(Extracted data entries)

--------------------------------

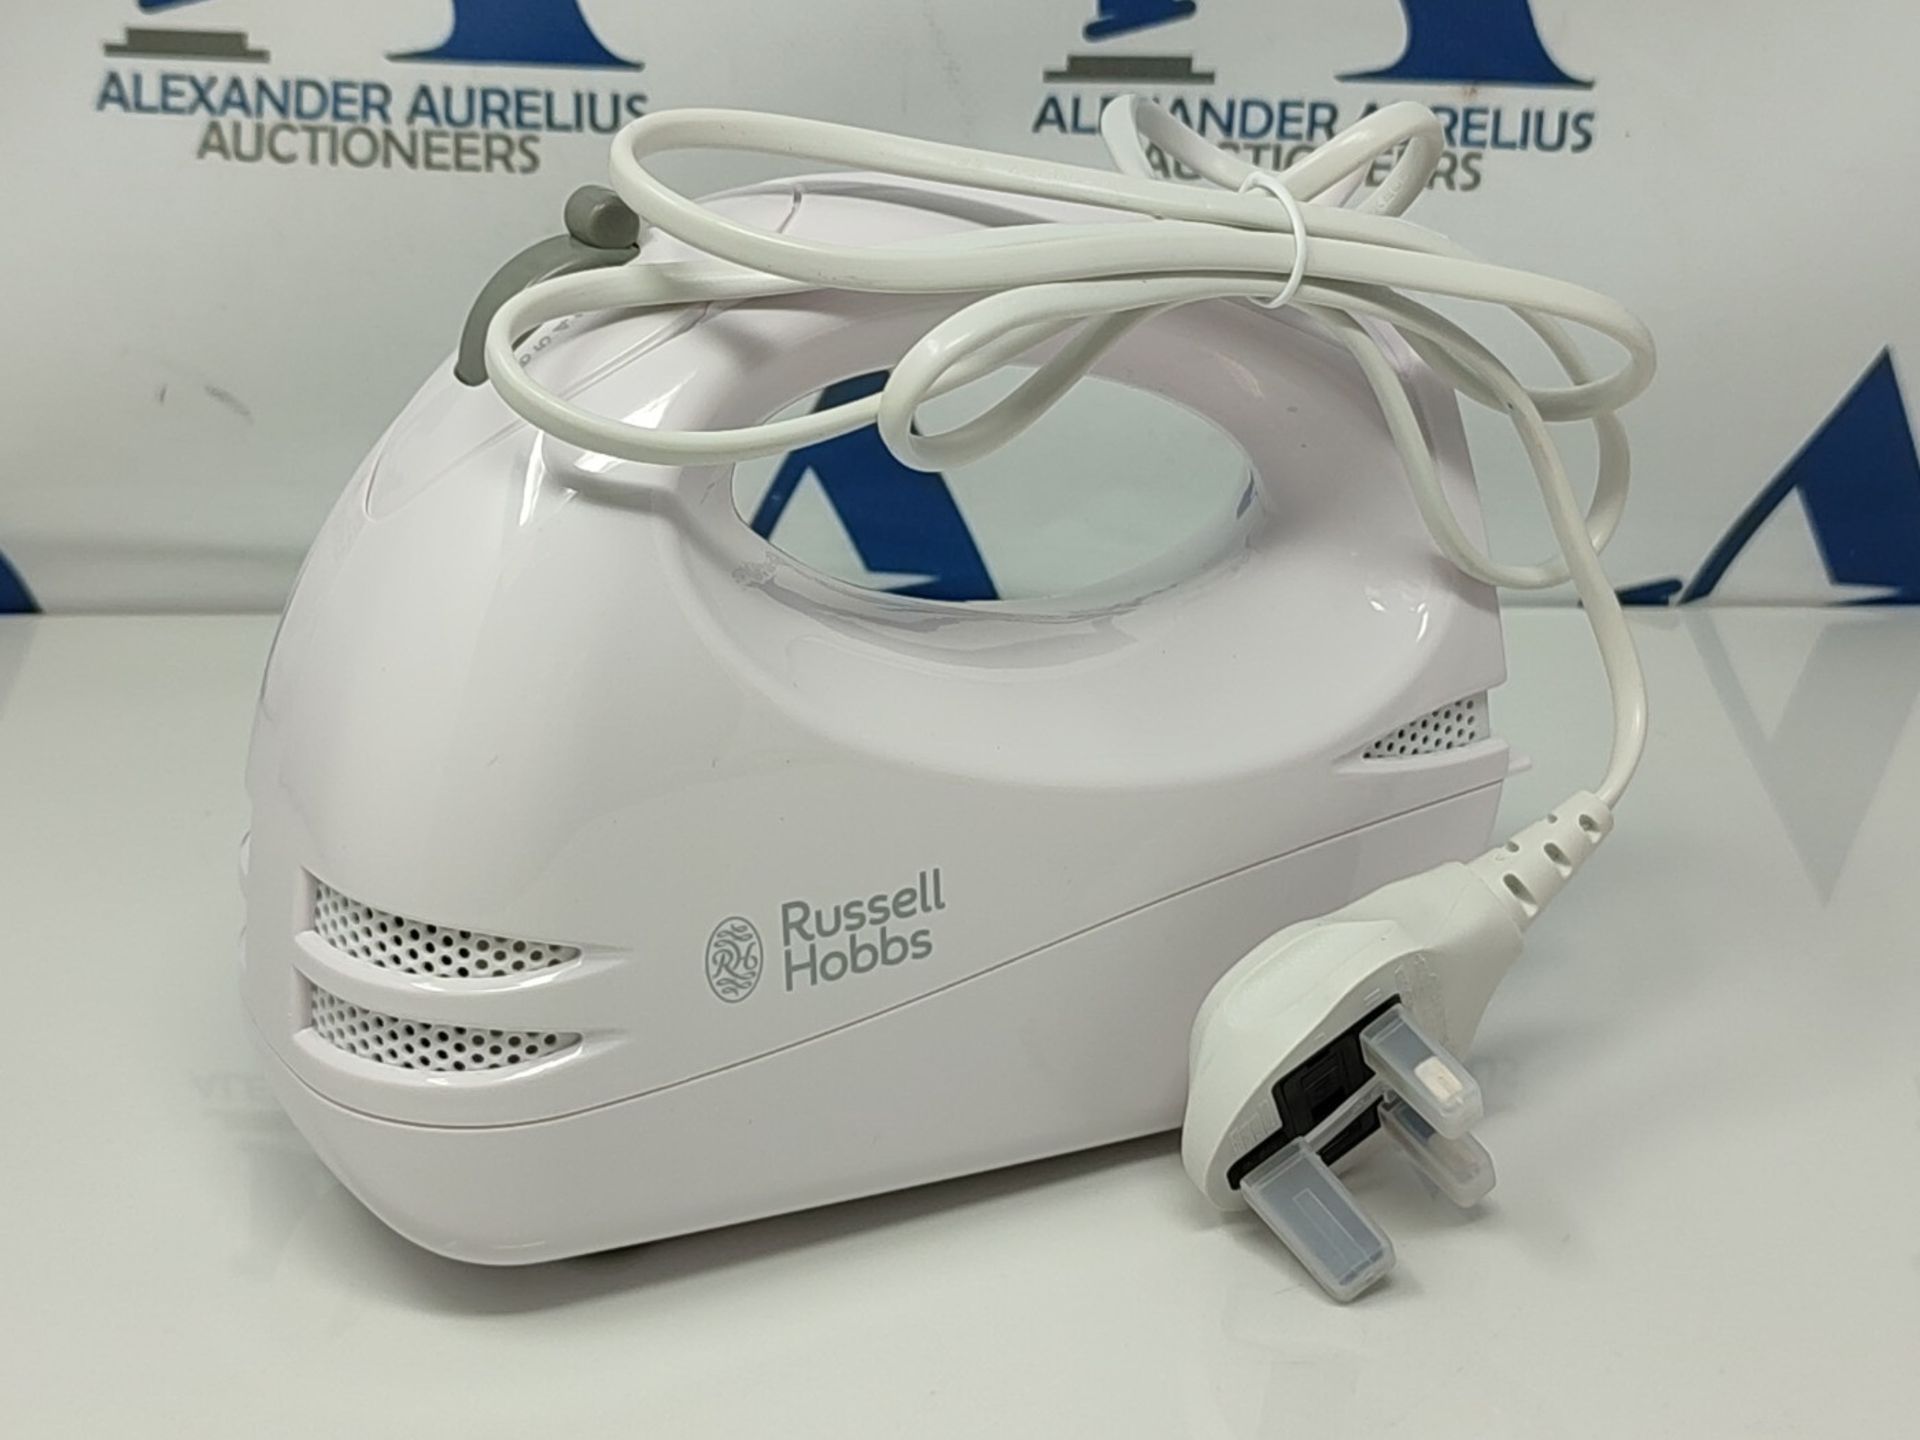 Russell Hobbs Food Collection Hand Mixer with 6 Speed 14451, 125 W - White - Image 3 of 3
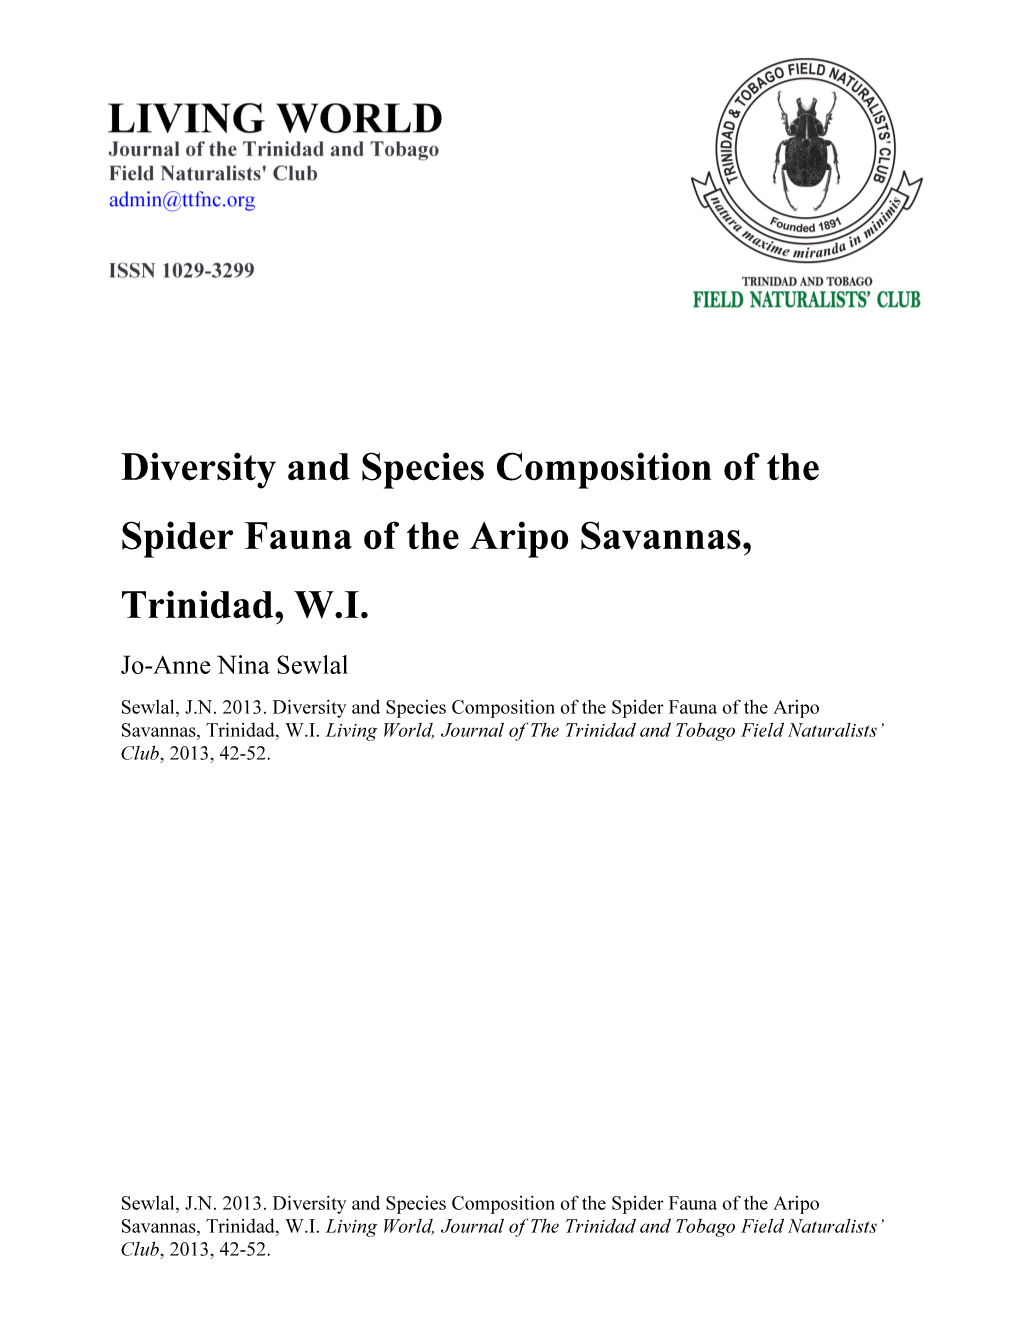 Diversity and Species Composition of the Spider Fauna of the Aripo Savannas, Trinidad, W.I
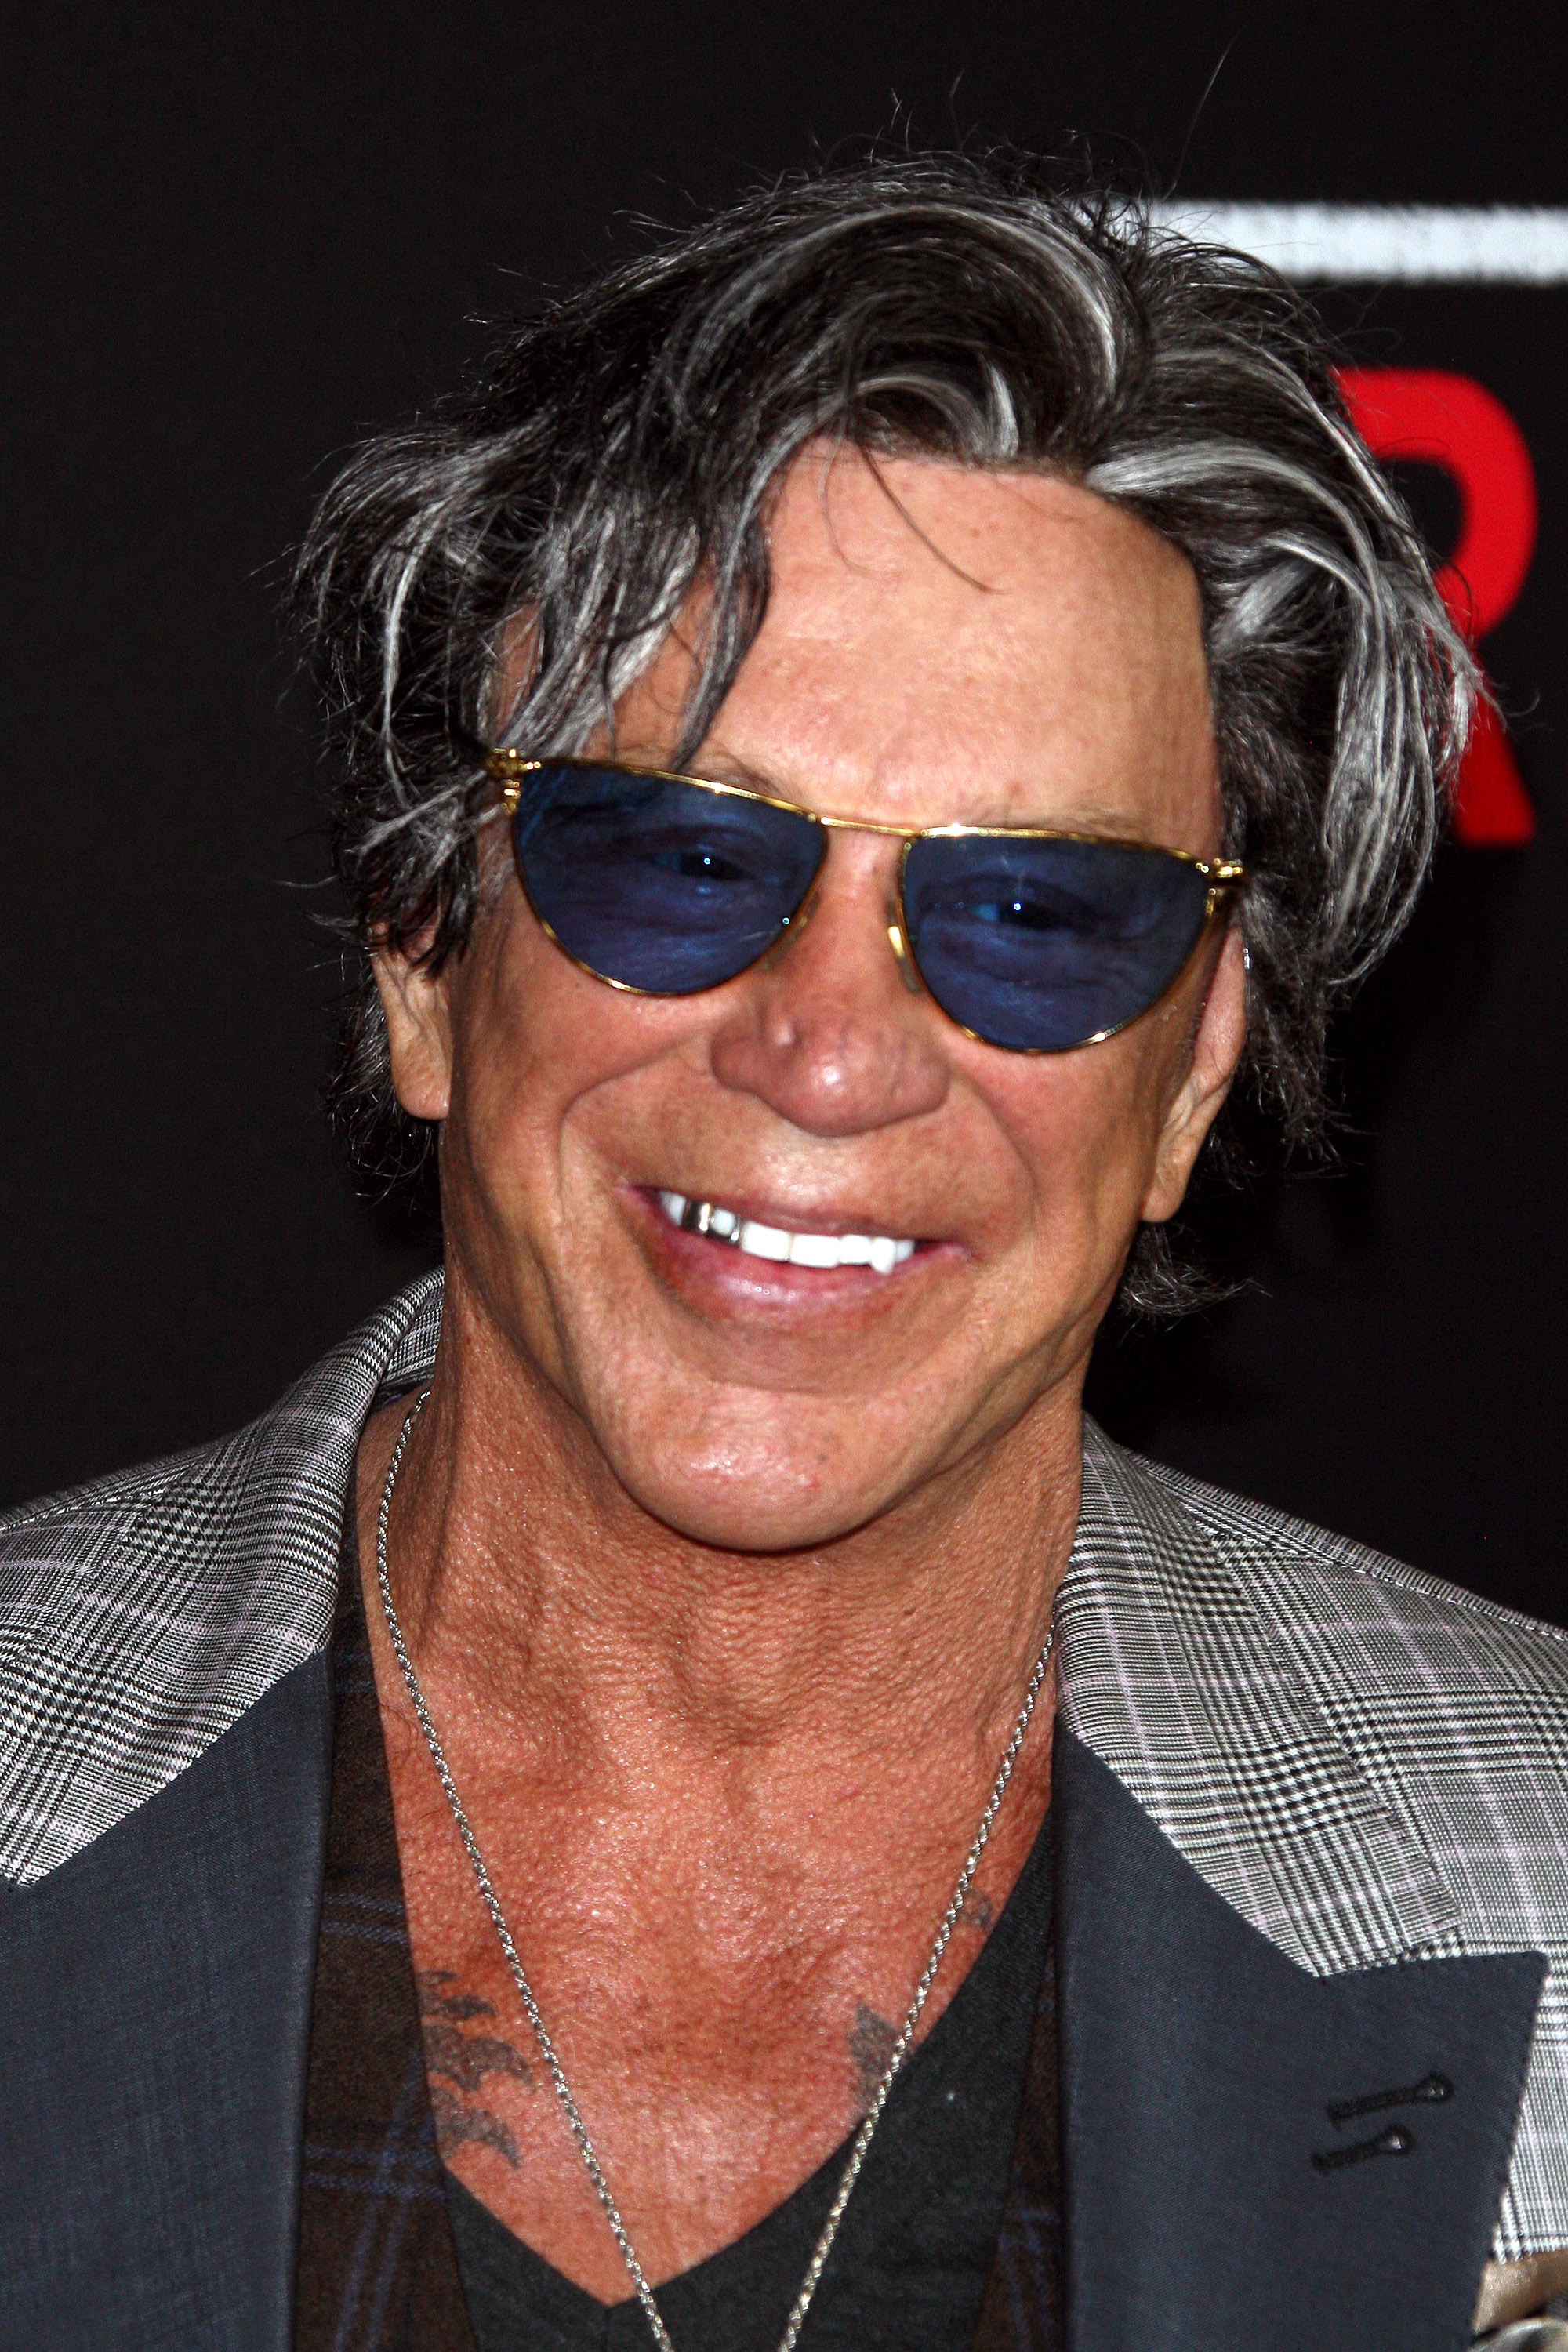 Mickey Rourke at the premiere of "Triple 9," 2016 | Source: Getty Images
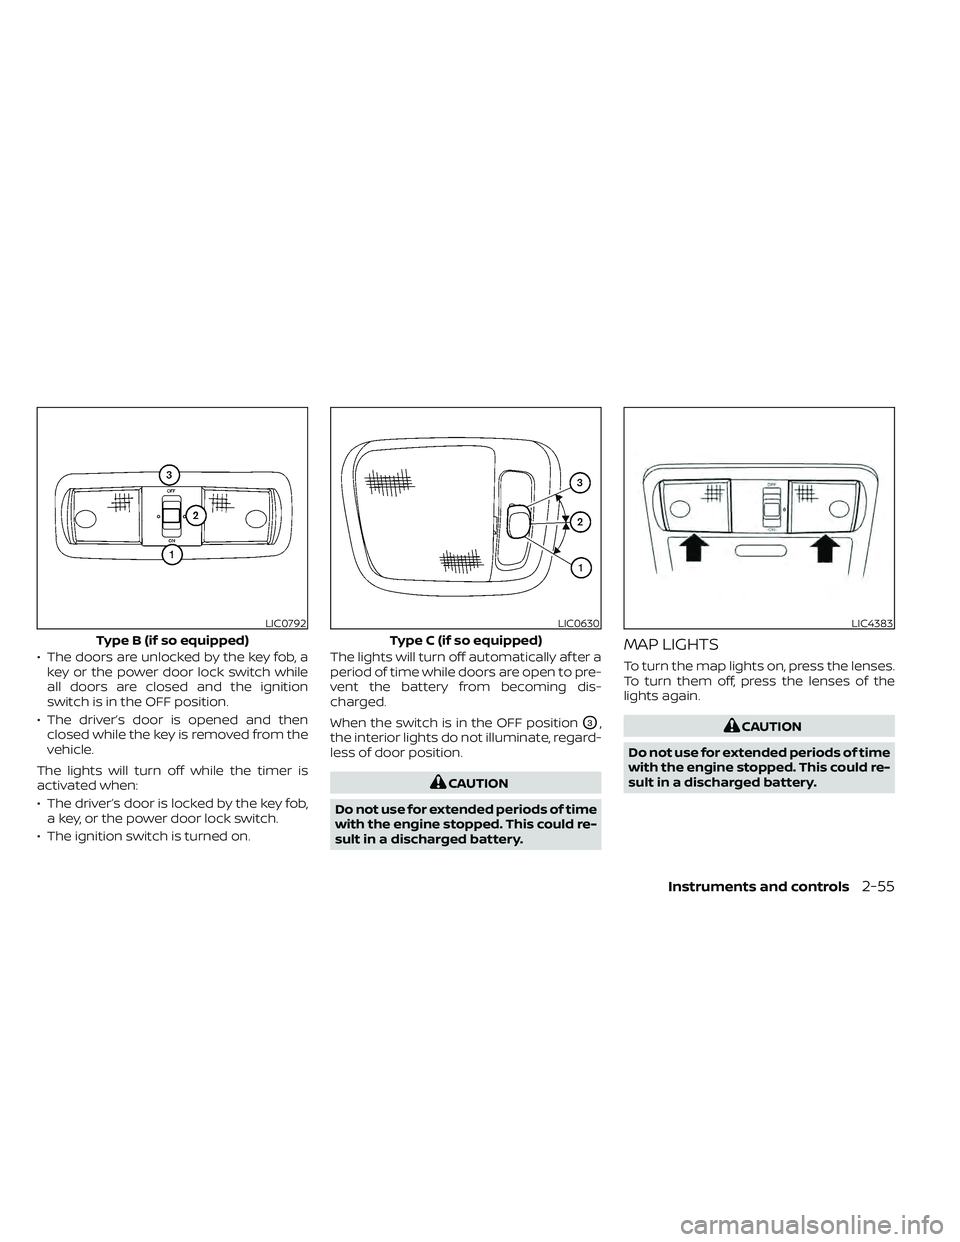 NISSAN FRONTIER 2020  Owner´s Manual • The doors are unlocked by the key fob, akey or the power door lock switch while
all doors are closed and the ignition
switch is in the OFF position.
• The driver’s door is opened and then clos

--------------------------------

### ACTION ITEM
With the images excluded, all entries are to be given again exactly.

### SOLVED EXERCISE
 Russell Hobbs Food Collection Hand Mixer with 6 Speed 14451, 125 W - White - Image 3 of 3
 Diversity and Species Composition of the Spider Fauna of the Aripo Savannas, Trinidad, W.I
 Mickey Rourke at the premiere of "Triple 9," 2016 | Source: Getty Images
 NISSAN FRONTIER 2020  Owner´s Manual • The doors are unlocked by the key fob, akey or the power door lock switch while
all doors are closed and the ignition
switch is in the OFF position.
• The driver’s door is opened and then clos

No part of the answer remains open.